What to make of the climate protest on the outskirts of London
We spoke to Eddie Thacker, a member of Transition Heathrow and one of the #Heathrow13, to look back on six years, and counting, of climate protest in a quiet English village.
It’s been six years to the day since a disused market garden in the small and unassuming village of Sipson, Greater London, became the beating heart of climate activism in the United Kingdom. Proposals to construct a third runway at Heathrow Airport, just a few miles away, would have seen the entire village demolished. The protest site was occupied in response, and has been populated by campaigners non-stop ever since. On its sixth anniversary, Eddie Thacker reflects on what’s been achieved.
“The original occupiers, members of Transition Heathrow, lived here in the villages for six months, investing time into building human relationships. They got to know people living in the area, attending resident group meetings – there was a patient effort to find out what was needed in the local area. A lack of community spaces was one issue identified. Indeed, the reclamation of the abandoned market garden, the site of Grow Heathrow today, was a result of considered communication and at the request of local residents. This derelict and abused plot, which served no purpose for the local area, was transformed into a thriving community space promoting sustainable living.
“When I first arrived at Grow Heathrow, three years later, I was struck by the community’s ethos of self-management. In this non-hierarchical set-up, no one was instructed to work from a higher authority, or for a financial incentive. Values based in mutual aid and cooperation seemed to underpin everyone’s efforts. People worked at their own will, as it was a cause we all believed in.
“In this we see the fundamental principles of our economic system, the profit motive and individualism, being undermined. In this we see the ideas that underpin the desire for a third runway, economic growth and profit before people, being undermined. Building a third runway is a manifestation of the ideology which seeks to serve the rich few at the expense of life on earth.
“After finishing a Geography degree at the University of Leeds, with pressure of fulfilling social norms, and one eye on the CV, I spent a year in the non-profit sector. I struggled with the underlying notion in this arena that social change would be led by those most connected or qualified. Social change on behalf of everyone else, it wasn’t for me.
“I heard about Transition Heathrow and the Heathrow villages’ resistance to the third runway; the solidarity being built between activists and local residents. Grow Heathrow’s politics seemed open and inclusive to all.
“The primary objective of this place was, and still is, to stop the proposed third runway. However, Grow Heathrow’s purpose has moved past this, exploring values beyond capitalist relations. In providing a permanent space for people to step into this kind of radical politics, the project is incredibly rare.
“Grow Heathrow is a dynamic space; a social centre where individuals from around world come and visit for a day, weeks, months, some even end up living here for years. Every week is different, the energy and skill-set each individual carries with them influences the nature and productivity of the space.
“This last year, with Heathrow’s third runway back in the limelight, there’s been an emergence of energy and support given to local groups resisting the destructive proposals. We’ve seen more creative, inclusive direct action side by side with local residents. Grow Heathrow has stood in solidarity with local residents and Plane Stupid activists who have, more than once, blocked the tunnel leading into Heathrow’s terminals, or occupied their runway.

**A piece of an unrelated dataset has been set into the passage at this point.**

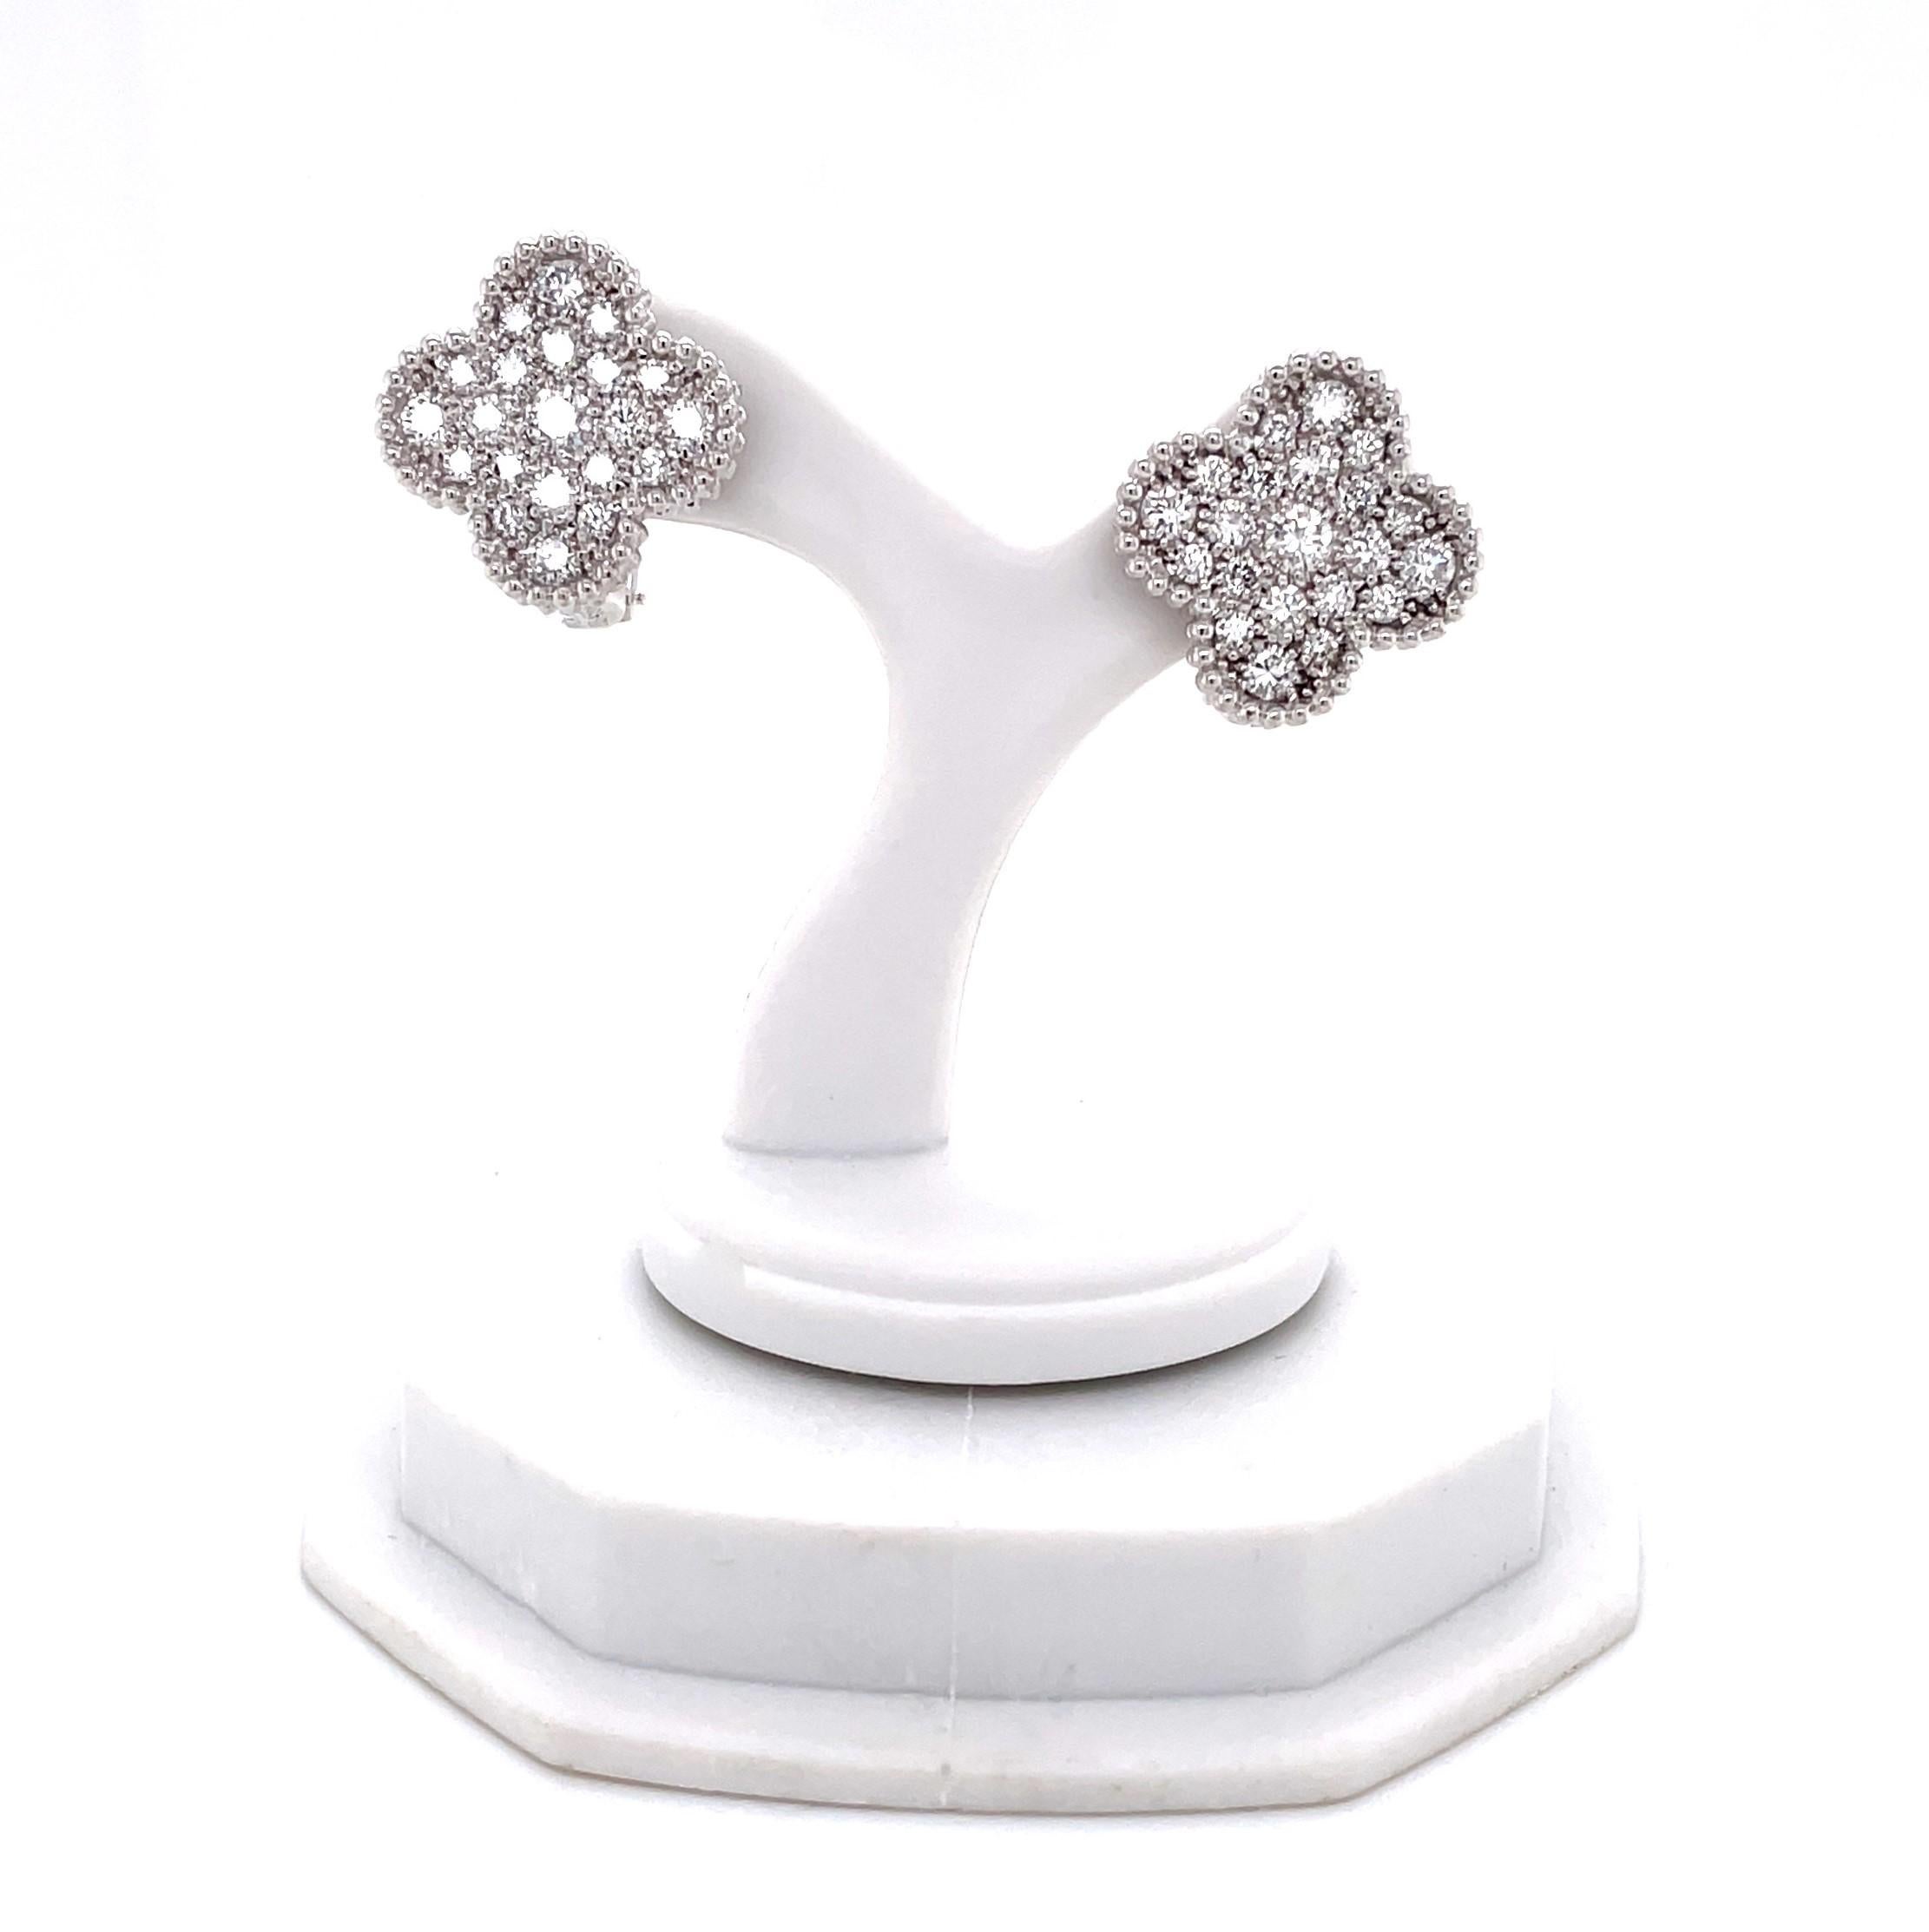 From the iconic Alhambra Collection by Van Cleef & Arpels, enjoy these four leaf clover inspired diamond VCA Alhambra Vintage Size Earring Studs in eighteen karat 18K white gold. Covered with 42 round faceted full cut white F/VS diamonds, the pair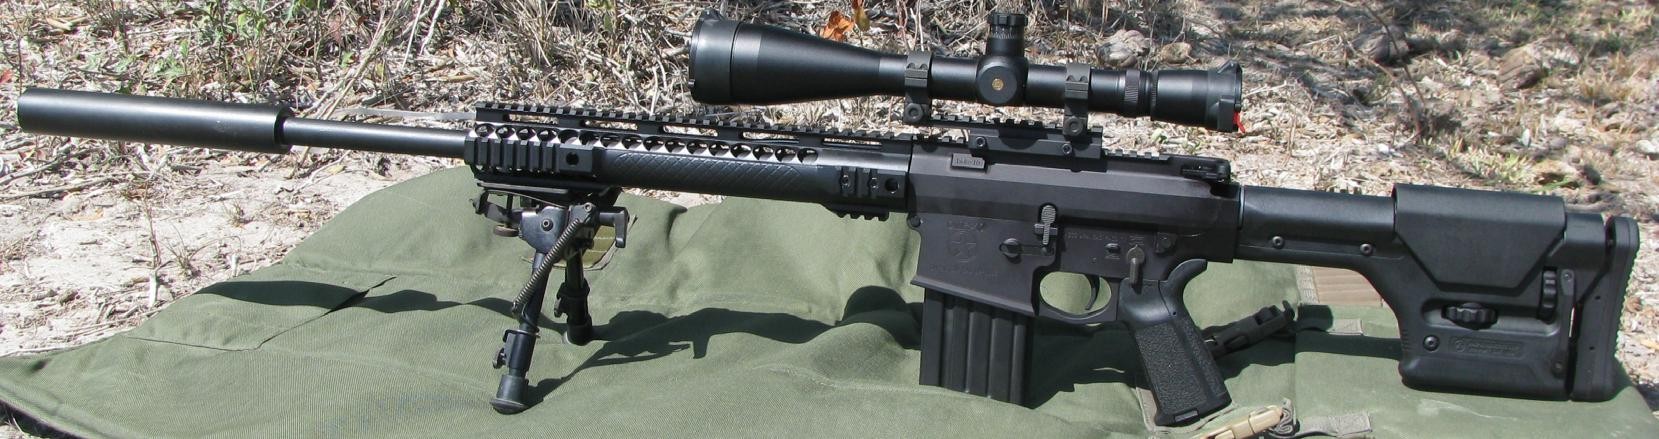 Better Business Bureau: online zombie-killer rifles and silencers slow to come

“Grow Heathrow is a community space, offering workshops in organic food production, bicycle mechanics and renewable energy. This year residents have delivered workshops on global citizenship and sustainable living in local schools and youth centres. Nonetheless, we’ve seen the project at times under considerable police surveillance. A rare and precious autonomous space in London, unknown and relatively out of the control of authorities, residents at Grow Heathrow hope they can avoid what would be a second police raid in the project’s history.
“I was one of the Heathrow 13; we were told to expect time in prison for chaining ourselves to the runway on Heathrow’s northern runway in July 2015, causing 25 flights to be cancelled. We did it to highlight the urgent need for action on climate change. Heathrow’s emissions are killing people in the local community I’m part of, and around the globe. Already it is the second largest source of carbon in the country, and a third runway would amount to as much carbon emissions as the entirety of Kenya . How are we to stay within the safe to degree warming of the planet, which scientists warn us we must do, while building more runways?
“Moreover, our action underlines that once more it will be ordinary people, local residents, taking politics into therr own hands, that will halt plans to devastate the planet. When our political leaders betray their promises, what else can we expect? Our democratic system is broken. We are the change we’ve been waiting for. With the momentum that has been built, there will only be a continuation of direct action, an escalation on this march towards climate justice.
“This weekend we’ll celebrate six years of Grow Heathrow’s existence, with workshops, food, music and dancing. It’s our chance to bring the Heathrow villages together, a chance to celebrate our resistance, and the hundreds of individuals who have made Grow Heathrow a reality.”